Illinois grower/grain market analyst Jason Moss is always looking for marketing opportunities. He strives to make early marketing decisions based on early USDA and foreign-crop reports. Unlike recent years, where 25¢ price shifts were the normal, he pays more attention to 5¢ market moves, knowing that profit margins will likely be tighter than ever.
“In August 2012, I used December 2014 corn futures to market about 20% of my ’14 crop. I marketed another 20% in May of 2013. The contracts are at $5.80-$6.10," says Jason Moss, west-central Illinois farmer.
Lehman says that the MPC eliminates the risk of price decline for both basis and futures, while not restricting upside futures potential. Also, the minimum price is guaranteed and paid in full upon delivery. No up-front charges, fees or margin money are required, and it may cost less than commercial storage rates.
Broders says that MPCs or other elevator contracts can be just as efficient for soybeans. “We have guys doing straight cash contracts, basis contracts or futures contracts,” he says. “A fair number of guys have priced 10% of their soybean production at near $11. We expect to see more of these moves using a variety of contracts.”
Moss says even with pressure from the 2013 crop, price rallies can’t be ruled out. “The large 2013 crop is dog wagging the ‘14s tail,” Moss says. “For sales on the first 20% of the crop, I wouldn’t be overly selective.

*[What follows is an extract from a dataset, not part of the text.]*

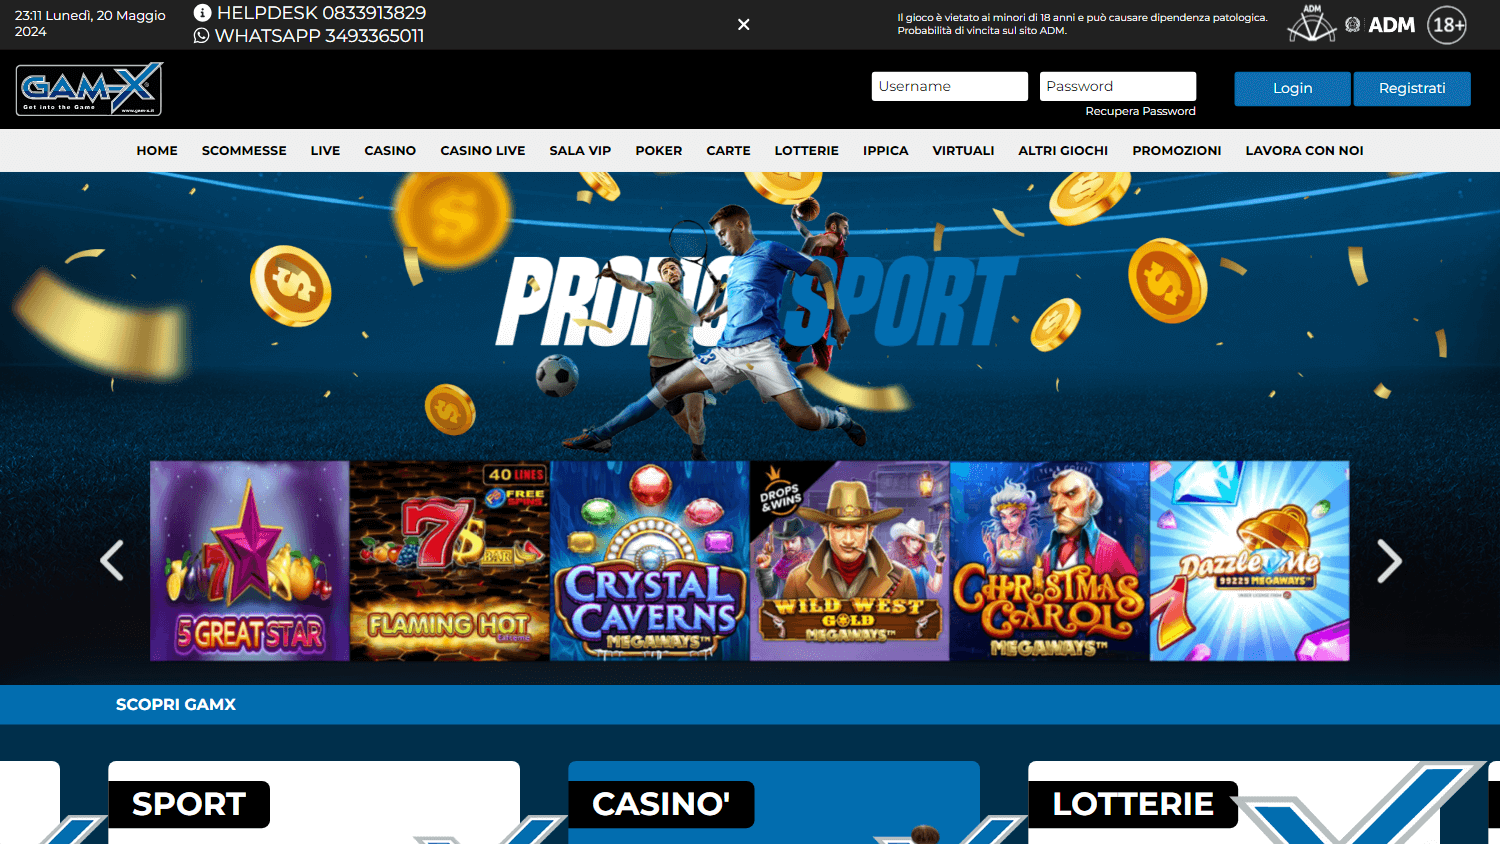 gam_x_casino_homepage_desktop

“Everyone wants corn to start with a $5 corn and $12 on the beans. It’s way to early to rule those out. So I don’t think there’s reason to move on more than 20% in the near term.
“I frame my marketing decisions on what’s the most objective percent I would like sold when early crop reports come in. I wouldn’t choose to market a lot of corn or beans right now, but I wouldn’t want to be 0% sold.”